Biden is also calling for a constitutional amendment to overturn the Supreme Court’s July 1 decision in Trump v. United States, which held that presidents are entitled to “absolute immunity” for exercising core constitutional powers and presumptive immunity for acts “within the outer perimeter” of their official responsibilities.
“I am calling for three bold reforms to restore trust and accountability to the court and our democracy,” Biden said in the July 29 op-ed.
Term limits “would make timing for court nominations more predictable and less arbitrary,” Biden wrote. He supports a system in which a president would appoint a justice every two years to spend 18 years in active Supreme Court service.
Proposals for 18-year term limits were outlined by a 36-member presidential commission appointed by Biden in April 2021. The Presidential Commission on the Supreme Court of the United States, made up largely of law professors, took no position on term limits in its final report released in December 2021, however.
Members of the commission were divided on whether term limits could be accomplished by statute or whether a constitutional amendment is needed. All federal judges “hold their office during good behavior” under Article III of the U.S. Constitution, which means that they have lifetime appointments.
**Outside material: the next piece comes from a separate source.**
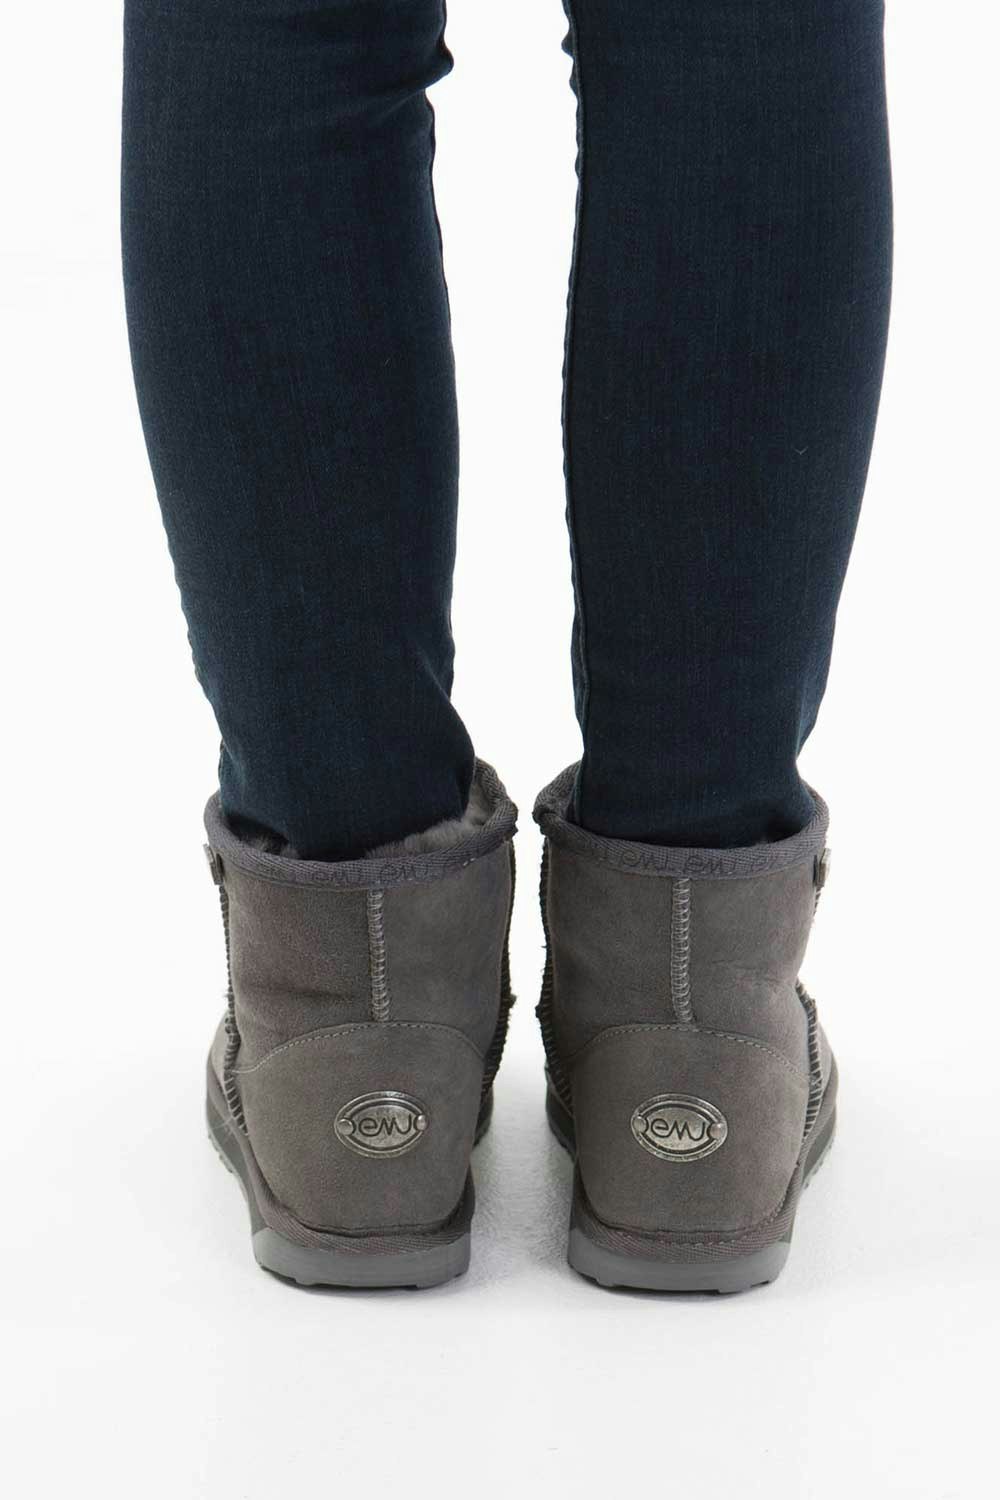 Emu Australia Platinum Stinger Mini Ugg Boots - Womens Boots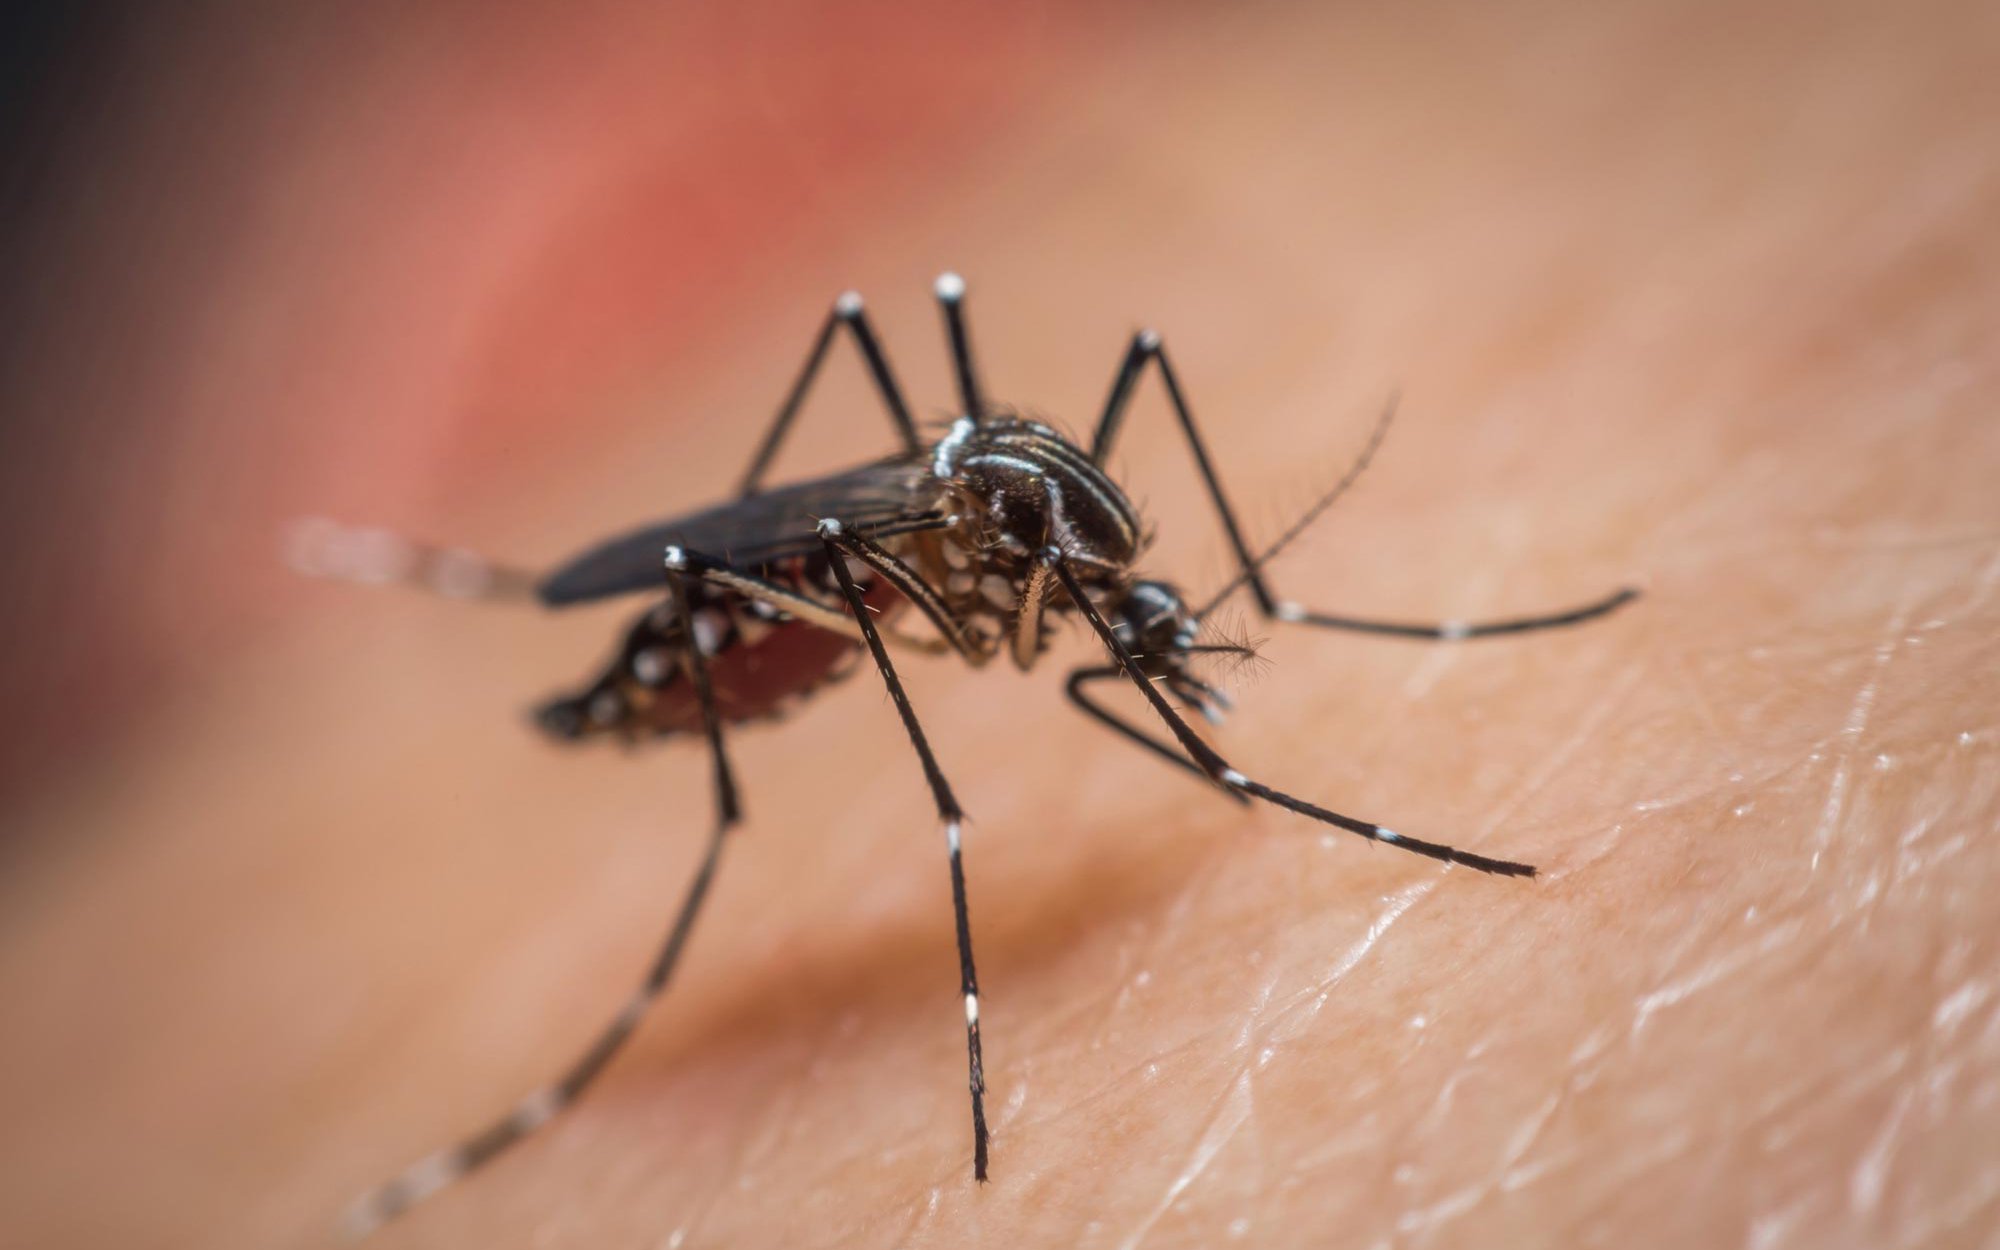 Vì sao trong một nhóm luôn có người bị muỗi đốt nhiều hơn, nguy cơ sốt xuất huyết tiềm ẩn

Under one statutory proposal, after 18 years of service, a Supreme Court justice would become a senior justice who no longer participates in the regular work of the Supreme Court. They could sit by designation in the lower courts and could assist the chief justice in administrative duties.
Under another proposal, presidents would appoint judges from the lower federal courts to an 18-year Supreme Court term. After that, they would return to their lower court.
To begin the process, the longest-serving justice could retire and become a senior justice in the first year after the statute is implemented. Another proposal would begin the 18-year term process only when a current sitting justice retires.
To avoid impasses in confirmation of nominees, the statute could lower the threshold for confirmation each time that the U.S. Senate rejects a nominee, the commission’s report said.
Biden said term limits “would reduce the chance that any single presidency radically alters the makeup of the court for generations to come.”
“On top of dangerous and extreme decisions that overturn settled legal precedents—including Roe v. Wade—the court is mired in a crisis of ethics,” Biden said. He cited undisclosed gifts to justices and “conflicts of interest connected with Jan. 6 insurrectionists.”
Justice Clarence Thomas’ wife, Virginia “Ginni” Thomas, had backed efforts to overturn the 2020 election. He also did not disclose luxury trips from benefactors.
The Supreme court’s current ethics code “is weak and self-enforced,” Biden said. A binding code of conduct for the justices “is common sense,” he wrote.
Biden dubbed his proposed constitutional amendment the “No One Is Above the Law Amendment.” The Supreme Court’s decision on presidential immunity, he said, “means there are virtually no limits on what a president can do.”
Will Biden’s proposals come to fruition? Not likely, according to the National Law Journal.
“Republicans, who control the House of Representatives and can block legislation in the Senate via filibuster, have been uniformly hostile to talk of overhauling the Supreme Court,” the article reports.
And amending the Constitution is even more difficult.